Now I get a chance to write an article I’ve been meaning to about something I’ve run into while working with vSphere 4.1. Initially I’ve called it a “bug”” (may have said on twitter I guess), now I’m starting to think “it serves me right” in a way. It is about what happens when you want to change the vSphere Service Console IP, of a host that is already in a cluster. Here’s the history:
- 3 Hosts configured in a cluster. After some weeks it was decided that we had to change the IP’s and vLAN , to make room for some other vLANs that needed room to grow.
- No problem, get the new IP’s, talk to the network guys to trunk the ports on the physical hosts and reconfigure switches to make sure that traffic can talk to our vCenter Server.
- Google for how to change the Service Console IP….5 minutes later Google for how to change also the vLAN ID of the Service Console. So for changing the IP and vLAN these are 2 good places to start.
- Place host in maintenance mode (while still in cluster – we chose to not remove it or delete the cluster since we had resource pools configured)
- Make all the change (IP, gateway, hosts file)
- Test settings (ping, nslookup)
- Now once all hosts are reconfigured properly we update each host hosts file with the updated IP/hostname entries for the other nodes in a cluster.
- Obviously when I took each host out of maintenance mode our clusters would not work, to be expected.
- Now…let’s reconfigure vSphere Cluster since it was not a proper cluster anymore. Reconfigure cluster finishes “Successfully”(task took longer than we expected it to), everything seems great.

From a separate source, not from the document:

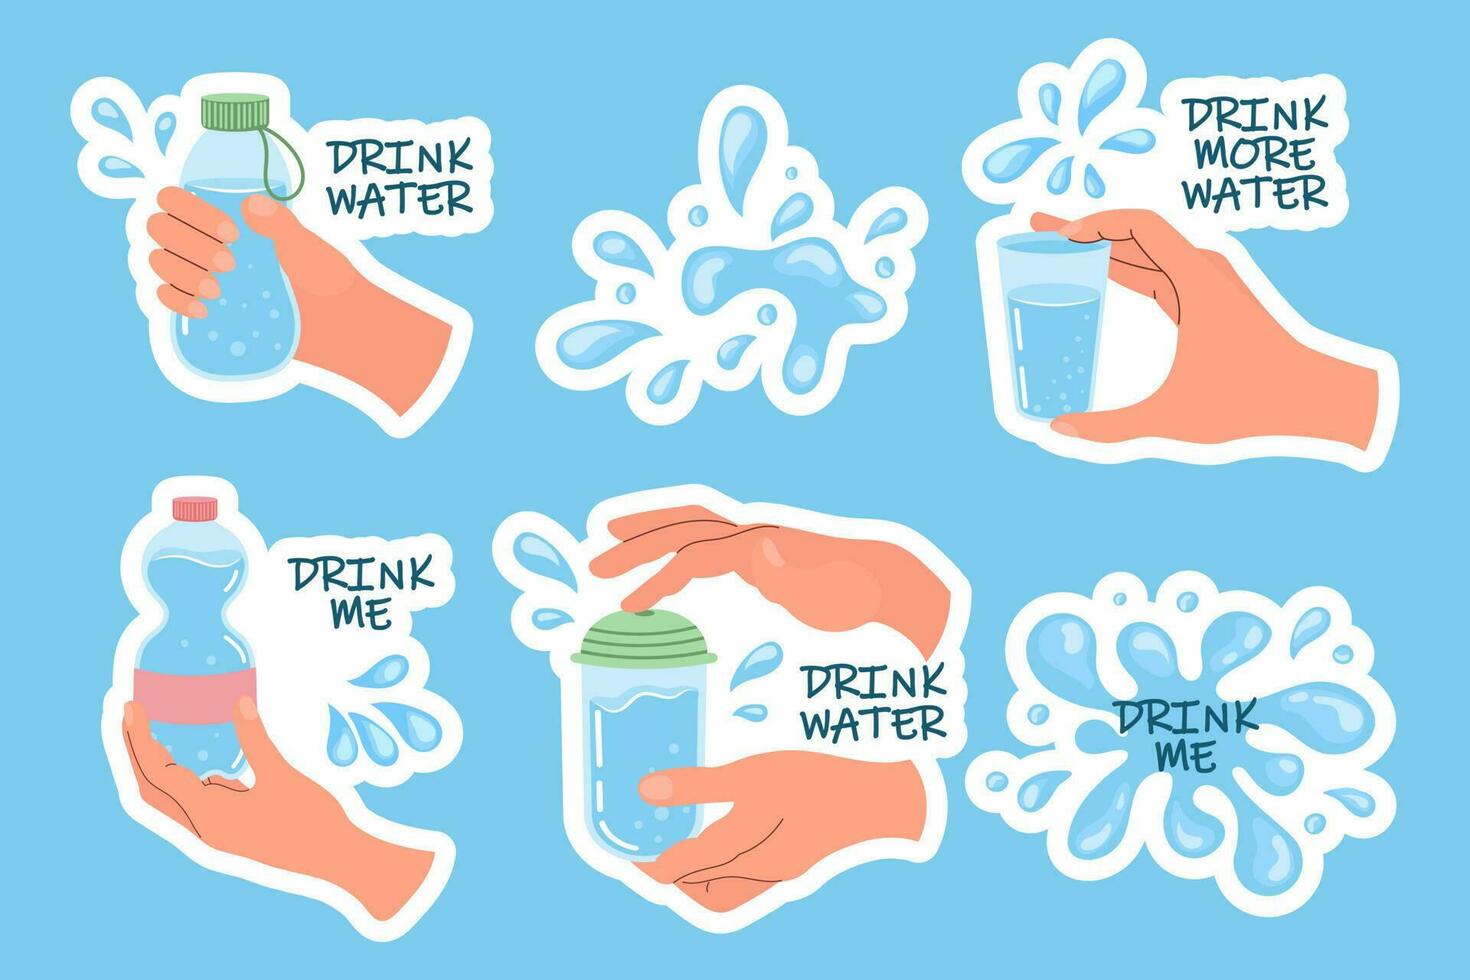 conjunto do mãos segurando diferente containers do água. óculos e garrafas do água dentro mãos. beber Mais água conceito. grampo arte, adesivos, vetor

Fast forward a few days later, I do a routine configuration check of the systems and our cluster starts to throw “HA agent misconfigured errors”. I discover although I updated the hosts file on vSphere, the OLD ip addresses were still there. I mean there was a mix of the old settings and new settings. I start asking my colleagues if anyone made any changes, but no one had done anything. After some troubleshooting (which included a file level search for files where that IP may be listed on the vSphere host) I concluded this:
“When you try to reconfigure the IP address of a host that is in a cluster, and then you Reconfigure the cluster for HA, somewhere (maybe vCenter DB) information about the IP’s of the hosts is stored, as they were joined to the Cluster initially! Therefore any cluster reconfiguration of hosts with new IP’s will get a mix of old IP and new IP in the /etc/hosts file and possibly Reconfigure for HA Errors”

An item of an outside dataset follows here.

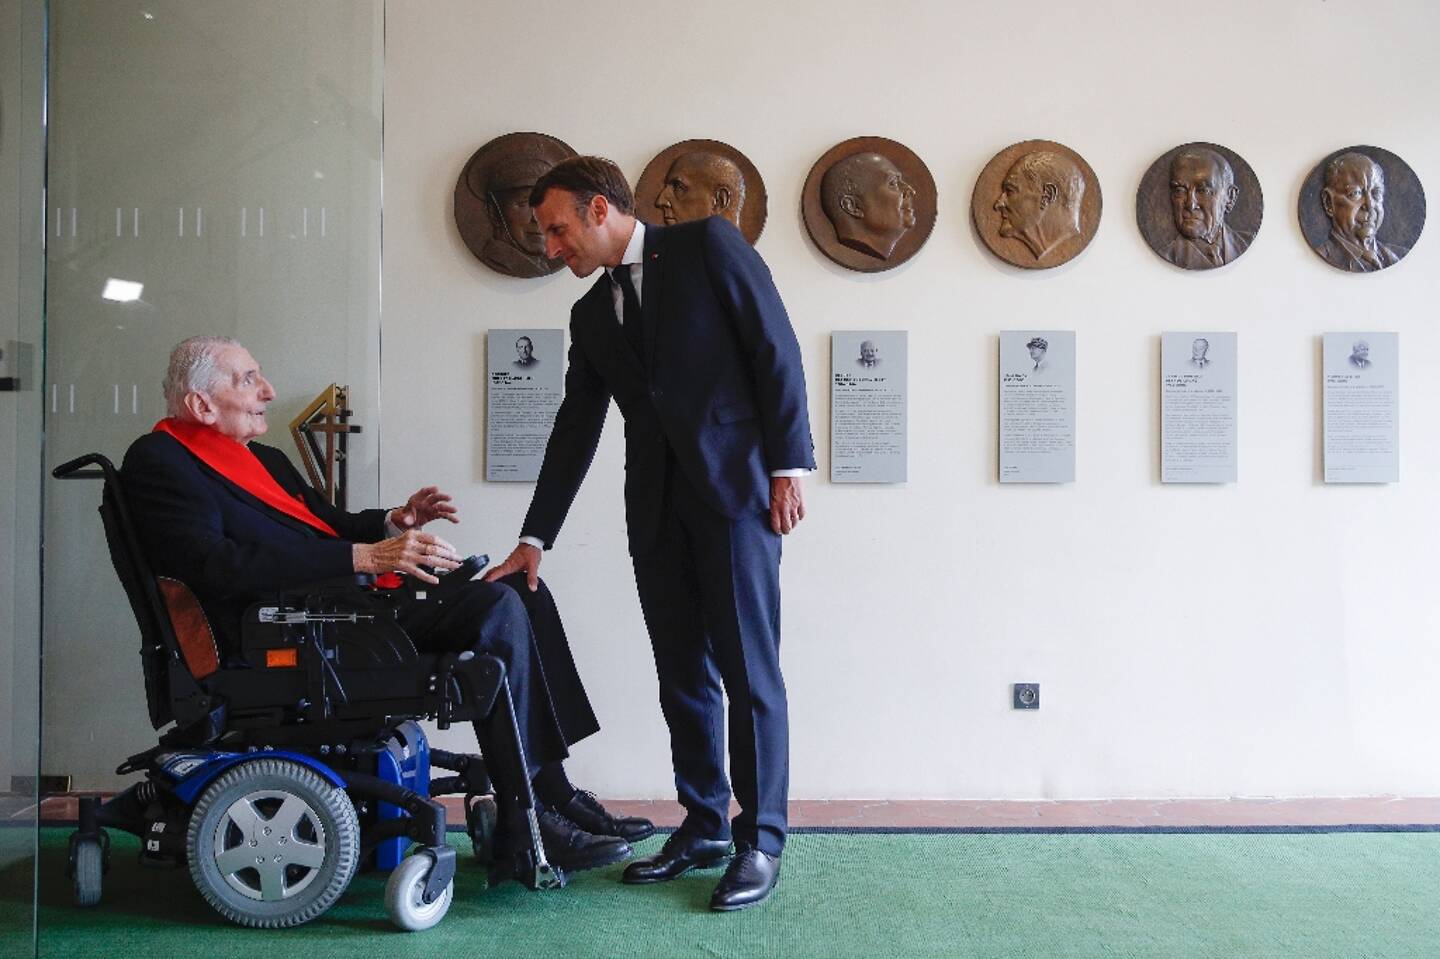 Hubert Germain, Compagnon de la Libération, et le président Emmanuel Macron lors d'une visite au Musée de l'Ordre de la Libération, le 18 juin 2020 à Suresnes, près de Paris

To fix this, obviously we disabled HA, disbanded the cluster and recreated it back again.
The right way to change vSphere Service Console IP
In light of these issues these are the steps to properly change the IP address of a host:
- If host is in a cluster, remove it from the cluster.

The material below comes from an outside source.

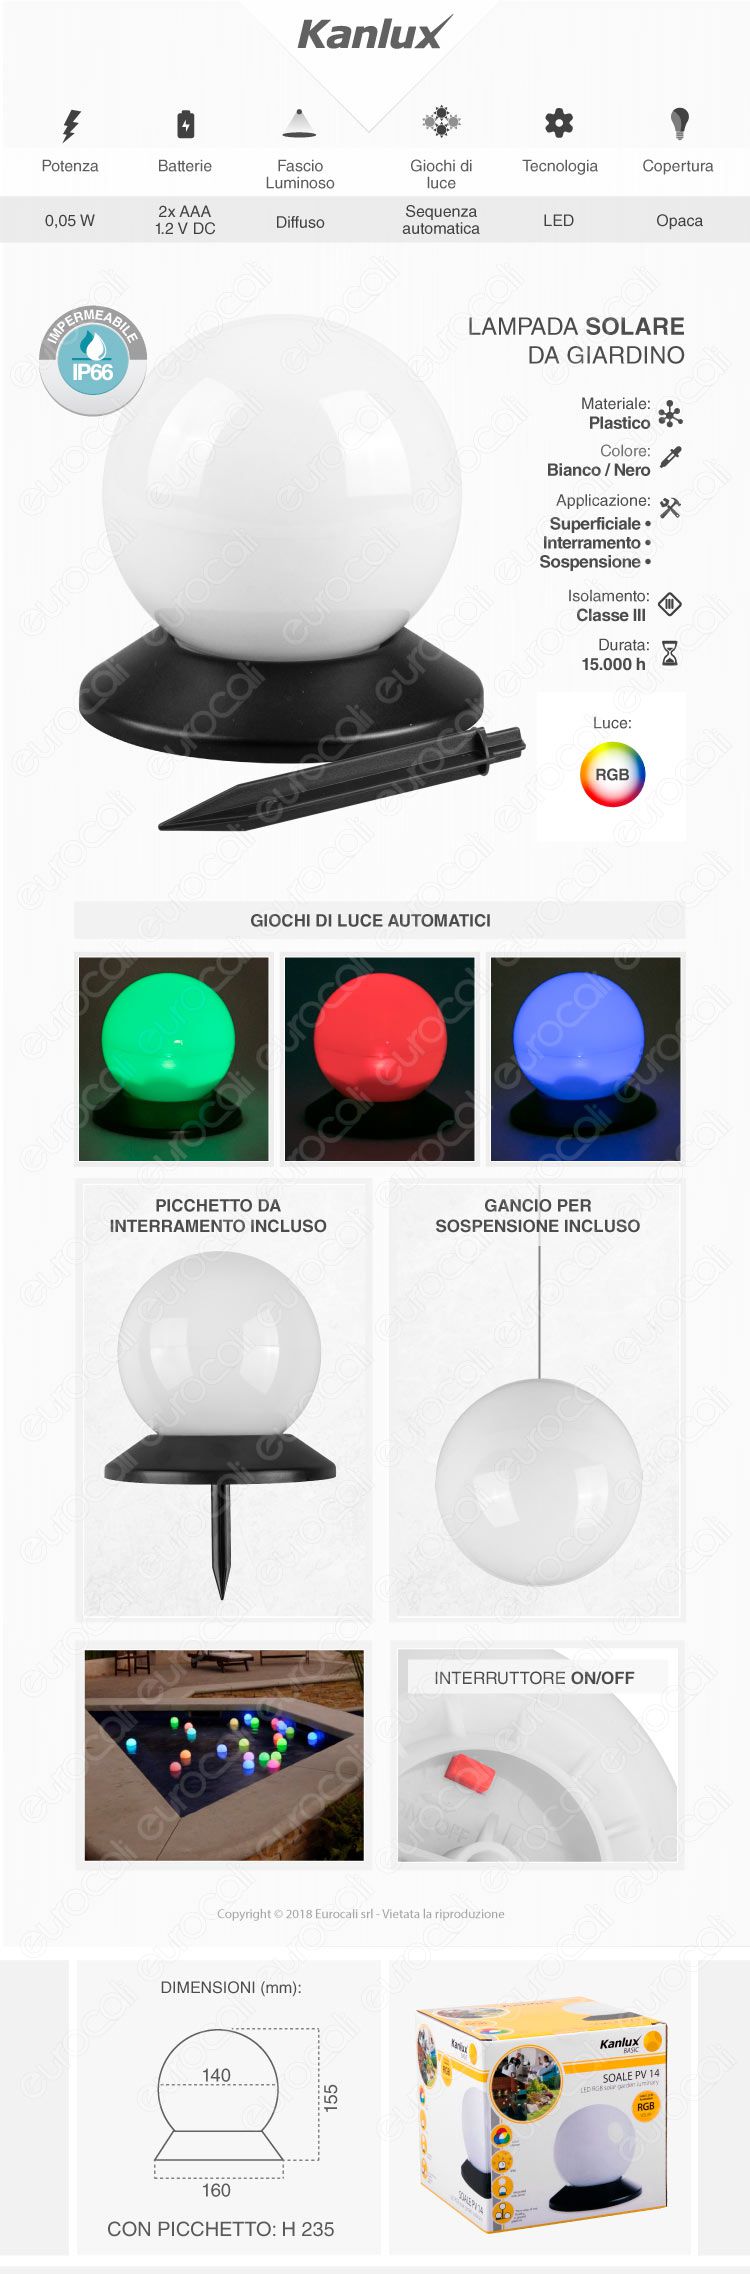 Kanlux Sfera con Luce LED RGB Multicolor con Pannello Solare e Picchetto

- Put host in maintenance mode.
- Disconnect from vCenter
- Login to physical (or remote KVM) console and change IP settings. Change the gateway by editing /etc/sysconfig/network so that the GATEWAY line is pointing to your new gateway. Change the IP using these commands.
esxcfg-vswif -i <new IP > -n <new Mask> vswif0 esxcfg-vswitch vSwitch0 -p <port group Name> -v <VLAN ID> esxcfg-vswif -s vswif0 esxcfg-vswif -e vswif0
5. Ping your reconfigured host to see all is working properly.
6.Rejoin host to the cluster, reconfigure for HA (let HA reconfigure your hosts file instead of manual changing it). Enjoy not having to worry about cluster issues 🙂
A colleague of mine also wrote this “interactive script” that prompts you for required information for changing all these settings, I’m a bit LSI (Linux Shell Impaired).
#!/bin/sh echo "New IP :" read new_ip echo "New Mask:" read new_mask echo "New Gw:" read new_gw echo "New vlan:" read new_vlan sed -i "s/`cat /etc/sysconfig/network |grep GATEWAY=|cut -d = -f 2`/$new_gw/g" /etc/sysconfig/network esxcfg-vswif -i $new_ip -n $new_mask vswif0 esxcfg-vswitch vSwitch0 -p "Service Console" -v $new_vlan esxcfg-vswif -s vswif0 esxcfg-vswif -e vswif0
I hope you enjoyed the read, and remember:
If you need to change the IP of a host in a cluster….remove it from the cluster first, saves yourself some time and braincells. Comments and critique are welcome, as usual.